The wavelet power spectra from the three analysed muscles (Figure 1 and 2) illustrate the muscle roles during the five strikes performed in each sequence. The first significant contour on the TB powers spectra demonstrates a muscle activity responsible for pushing the right hand during the first palm strike. This region is followed in time by a significant contour both in the BB and BR spectra, which correspond to muscle activity responsible to brake the right hand’s movement and pull it back while the left hand is being pushed during the first left hand palm strike. After that, the same pattern in wavelet power spectra repeats for the second right hand palm strike followed by the second left hand palm strike. For the third right hand palm, more extended significant regions in the spectra can be seen, which implies longer muscles’ activity. It can be speculated that, for both strikes with and without impact, the participants keep tightening their muscles once the arm stops. These isometric muscles’ contractions, once the movement stops, are often performed in martial arts.

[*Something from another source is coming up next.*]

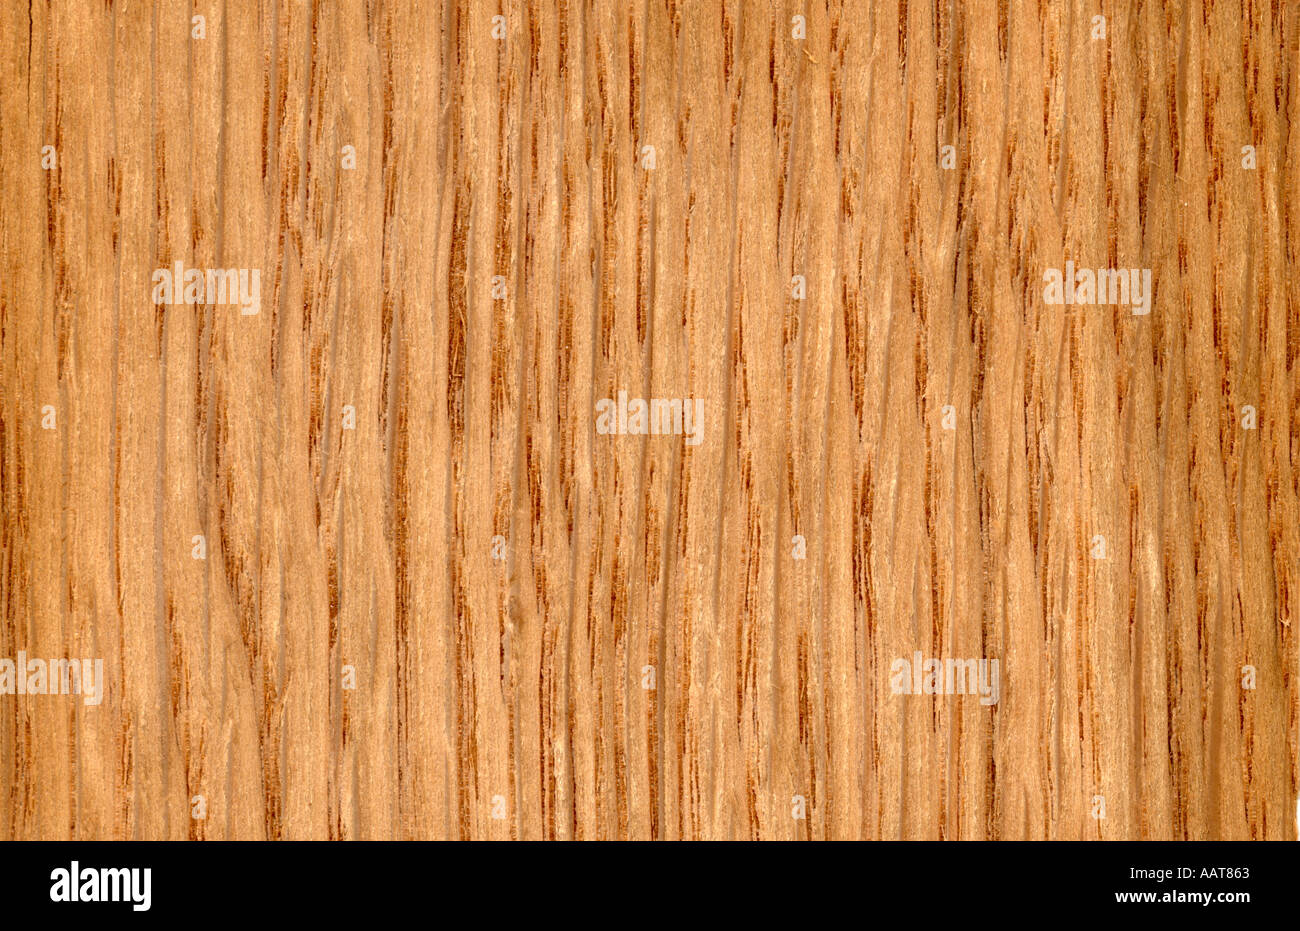 White oak wood grain Quercus alba North America Stock Photo

This study compares the EMG activity of the TB, BB and BR muscles during strikes with and without impacts. The EMG analyses were done in the time and frequency domains. For the frequency domain, an original method was used to quantify statistically significant regions on the wavelet power spectra, and it was proven be very reliable. The results indicate that there are greater TB and BR muscle activities for the strikes with impacts. The reasons for this greater muscle activity are expected to be both psychological, such as greater motivation, and biomechanical, such as the need for stabilizing the joints during the impacts. In addition, the results show that the wavelet power spectra pattern for the three analysed muscles obtained from the strikes with and without impacts were similar. The results suggest that training forms or “katas ”should not replace training with pads. Although in both types of training the movements performed present very similar muscle activation characteristics, the magnitude of the contraction of some muscle are greater for the movements done with pads. In consequence, the relative time spend in each type of training should be determined depending on the application. For example, for participants that need to increase strength either for combats or breaking demonstrations, training with pads should be more relevant than without pads. In addition, the methodology developed in this article has other applications, such as muscle control and rehabilitation evaluations for athletes and non-athletes.